First, the substance of the clip itself (the commentary and interview are in French, unsubtitled). The commentator says that the cast and crew have gathered to shoot the scene “in a bar at Vincennes, at the busiest hour,” which explains why a crowd of onlookers is pressing close to the rail that separates the rest of the café from the part, right nearby, where the shoot is taking place. Godard himself hosts the television report like a sort of puckish master of ceremonies, doing the clap himself and calling the second take (“the sound was bad, it’s for television”). The interviewer asks Godard about the title of the film: “Why do your characters form a band of outsiders—in other words, how do they distinguish themselves from others?” Godard answers, “I’d say rather that they are normal people; people distinguish themselves from them.” He says that the movie is based on a “fait divers” (“news in brief” or “crime blotter”), and adds, “I wanted to call it—it could as easily be called ‘Fait Divers.’ ”
The dance starts two minutes in; it’s fascinating to note that the café patrons press so close to it and all the more remarkable to hear the music on the jukebox to which they’re dancing—John Lee Hooker’s “Shake It Baby” (thanks to Shazam, as John let me know). Compare the sequence as seen in the finished film (which isn’t the same take—it features more patrons and a busy waiter in the background). The music that’s heard on the soundtrack is composed by Michel Legrand and is conspicuously dubbed in—and the dance doesn’t catch its beat perfectly, or, rather, vice versa. I wonder whether the question was one of rights—whether the production (and the movie has an American producer, Columbia Pictures) was unable or unwilling to get rights to the song, or whether Godard himself (who was administering the hundred-thousand-dollar budget through his own production company) had little interest in doing so.
I can’t help wondering whether, since the music is dubbed in, so are the claps, foot-stamps, and finger-snaps (because, of course, if another piece of music was playing in the café, there would be no way to remove it from the soundtrack while keeping the other ambient sounds)—or whether, for the take used in the film, there was no music playing at all, and the trio did their dance to the time of music playing in their minds. It would be all the more remarkable, inasmuch as none of the three actors—they’re now all in their seventies—is a trained dancer (they rehearsed that scene every day for a month before filming it).
In any case, the greatest flourish in the sequence is one involving the soundtrack. The music cuts out, and Godard speaks, in voice-over: “Now it’s time to open a second parenthesis, and to describe the emotions of the characters.” It cuts out three more times, and here’s what Godard says about each of the characters. First, Brasseur’s: “Arthur [Brasseur] keeps looking at his feet but he thinks about Odile’s mouth, about her [or, maybe, his] romantic desires.” Then, Karina’s: “Odile is wondering whether the two boys noticed her two breasts, which move beneath her sweater with every step.” Finally, Frey’s: “Franz is thinking of everything and nothing. He doesn’t know whether the world is becoming a dream or the dream, a world.” And that’s what distinguishes this notable sequence from its imitators and tributaries, whether scenes by Quentin Tarantino or by Hal Hartley or this one, from a movie I’ve never seen, “The Go-Getter,” by Martin Hynes.
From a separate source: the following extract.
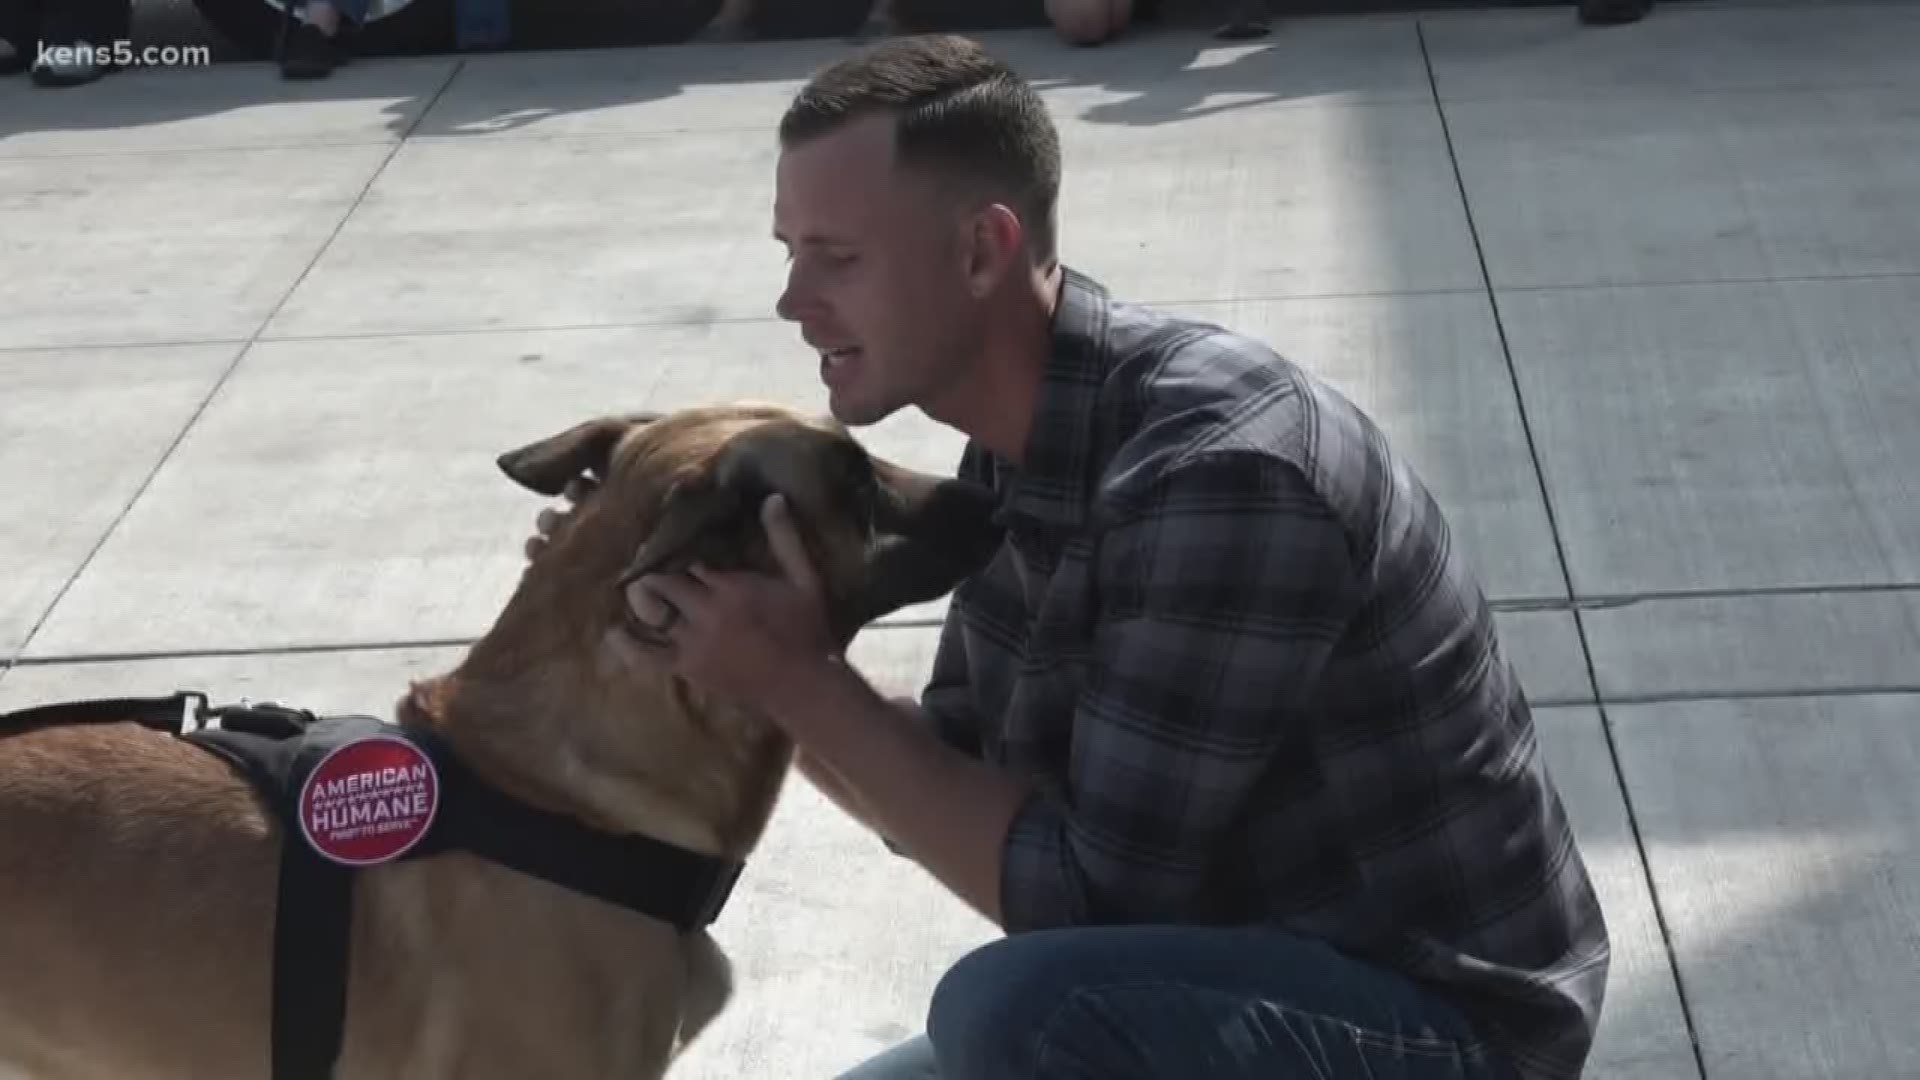 A military dog received the best gift for his retirement. He was reunited with his former partner, who is adopting him. Eyewitness news reporter Sharon Ko shows us the heartwarming reunion.

For that matter, it distinguishes the scene from so many scenes in so many films where so many filmmakers are so concerned with bringing out their characters’ emotions solely by means of action. The fussily naturalistic framework of most movies by most filmmakers is more or less rendered obsolete in advance by this little scene. Filmmakers unwilling to break the sacrosanct continuity of action compel themselves to reveal character through action—and little is more tiresome in movies than scenes showing action that is supposed to reveal some aspect of character. That’s why many movies—and many wrongly hailed—give a sense of being constructed as illustrations of script elements, the connections of dots planted in just the right place to yield a particular portrait. Godard’s example is as much a lesson in substance as in style—in composition through fragmentation, in expression through directness and audacity, of artistic impulse combining with necessity as a means to enduring innovation. Whatever an experimental film might be, this sequence is one—it’s an experiment the discoveries of which have yet to be fully assimilated by the world of filmmakers, almost half a century later.